If $\subseteq$ is defined set-theoretically, it doesn't exist

Question

I came across the following statement:

If the subset relation $\subseteq $ is defined as a set in ZFC, then it doesn't exist because $\mathrm{dom(}R\mathrm{)}$ is guaranteed to exist for any relation $R$, and $\mathrm{dom(\subseteq)}$ is $V$, which doesn't exist.

I understand everything except "$\mathrm{dom(\subseteq)}$ is $V$". The domain of $\subseteq$ is the set of all $A$'s such that $A\subseteq B$, but since we are defining $\subseteq$ set-theoretically, $A$ is not any set, it is any set in ZFC, so I don't understand how this domain equals $V$.

Can anyone explain this?

Answer 1

Well, $x\subseteq x$ holds for every $x$. So, if you were write down the definition of $\operatorname{dom}({\subseteq})$ you'd get $\{x:(\exists y)(x\subseteq y)\}$, which is a subclass of $V$, but by the first sentence $V$ is part of $\operatorname{dom}({\subseteq})$.

Answer 2

The symbol $V$ is being used, presumably, to stand for the "universe" of all sets, which is a class but is not a set.
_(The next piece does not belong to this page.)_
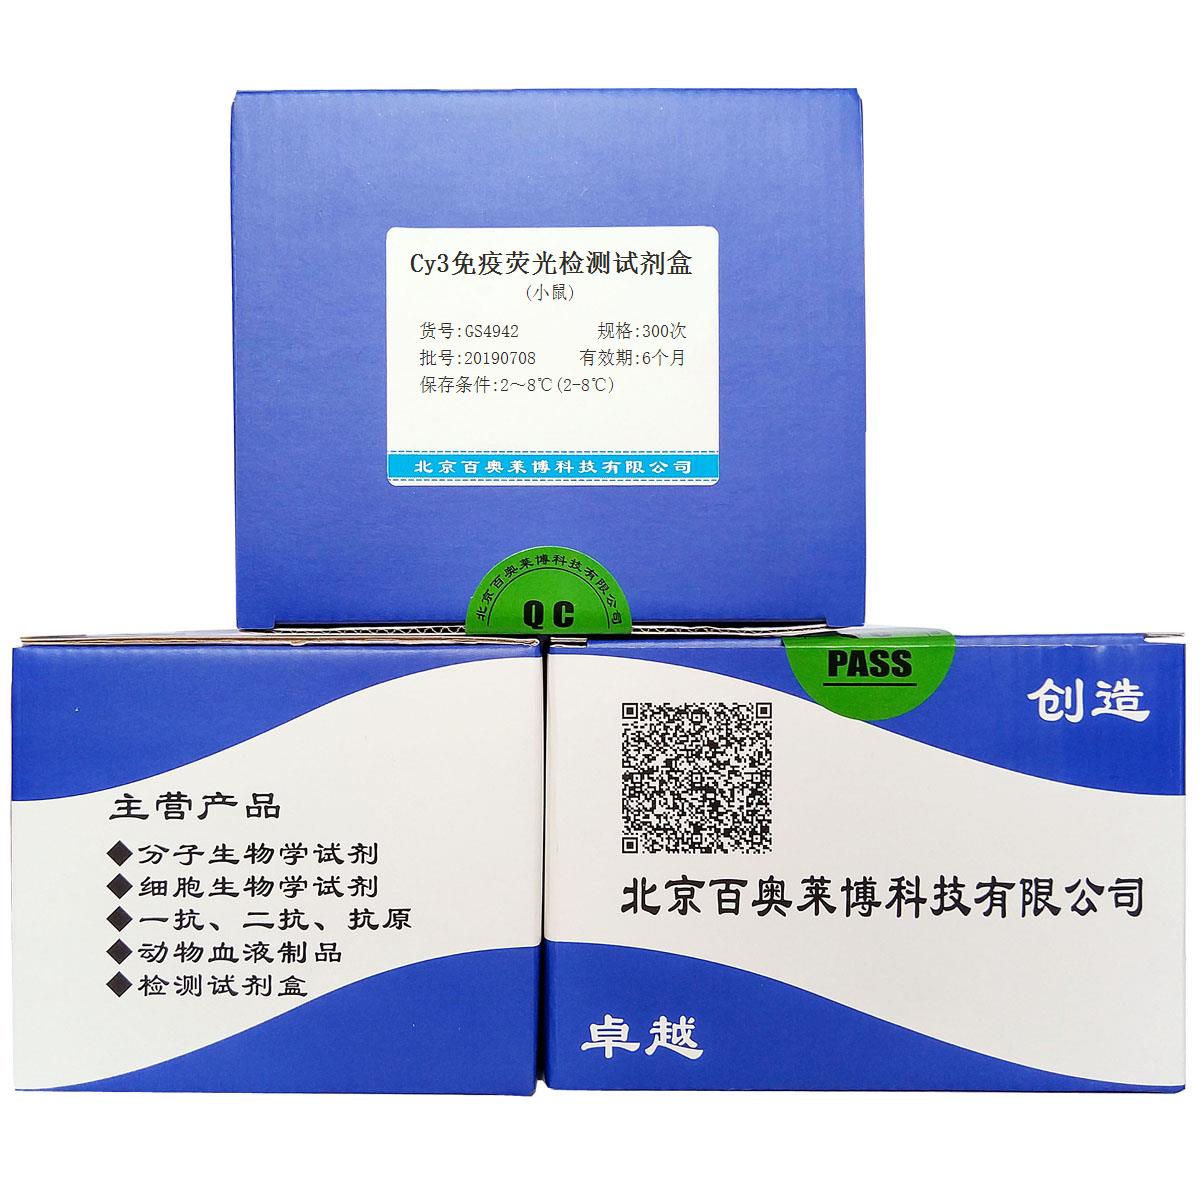 Cy3免疫荧光检测试剂盒(小鼠)优惠促销
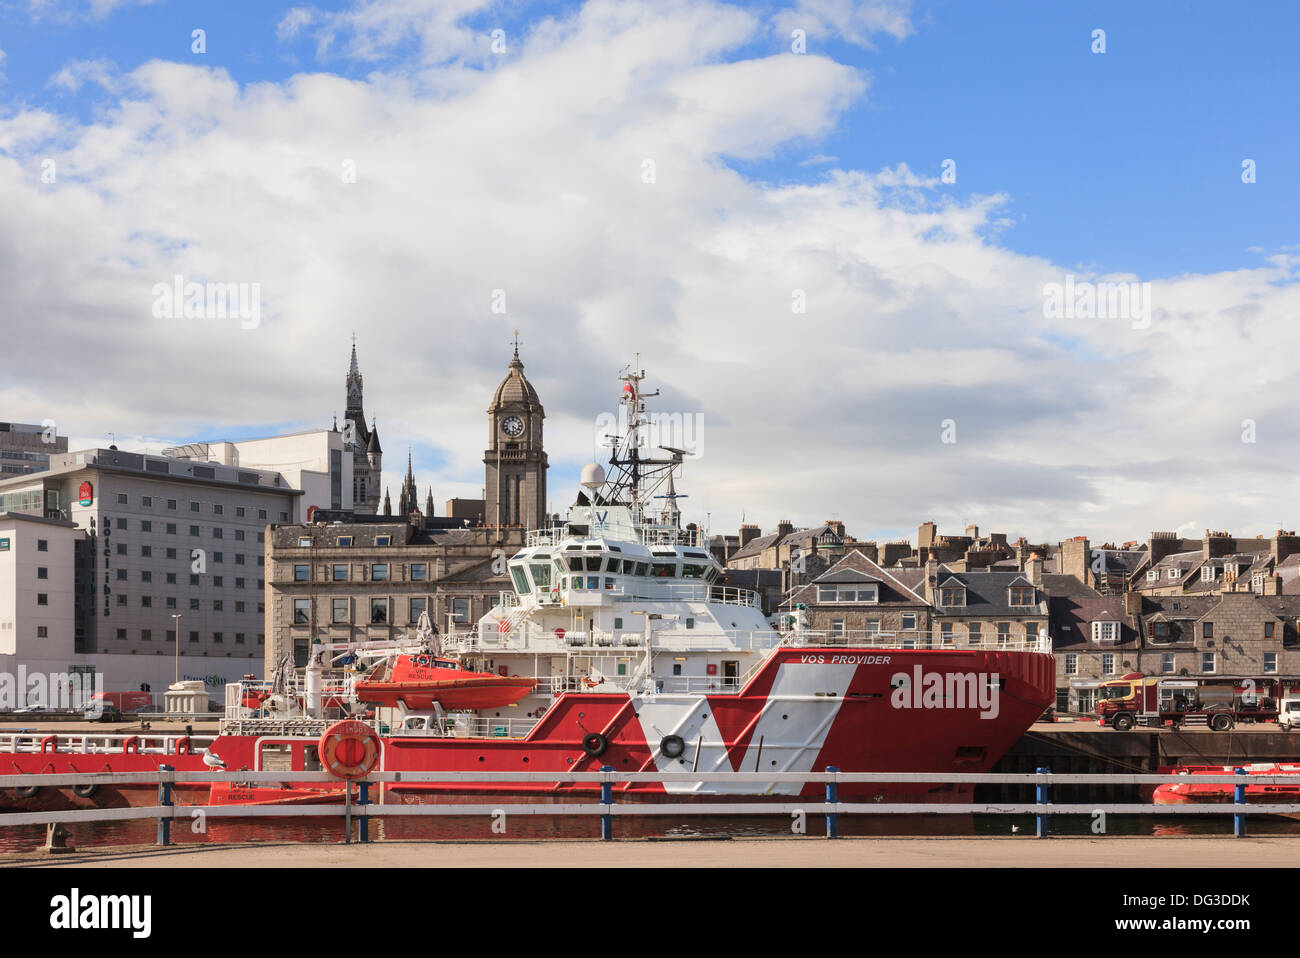 VOS Provider VROON un gruppo di spedizione del Mare del Nord di petrolio offshore Nave di alimentazione nel dock con centro città oltre il porto di Aberdeen Scotland Foto Stock

To say that "dom($\subseteq$) is $V$" simply means that in the sentence $A \subseteq B$, you may replace $A$ by any set, i.e. any element of $V$, and you may replace $B$ by any set, and having made those replacements the sentence will then have a truth value.

Answer 3

$V$ is the common name for the collection of all sets (which doesn't exist as a set, as implied by the Russell's paradox, therefore we often refer to it as the class of all sets). As you probably know,

$$\operatorname{dom} R = \{ x : (\exists y) \, (x, y) \in R \}. $$

Since for each set $A$ there is a set $B$ (for instance, $B = A$) such that $A \subseteq B$, we have that if $\subseteq$ were a set, then $\operatorname{dom} \subseteq$ would be the set of all sets $V$, which is a contradiction.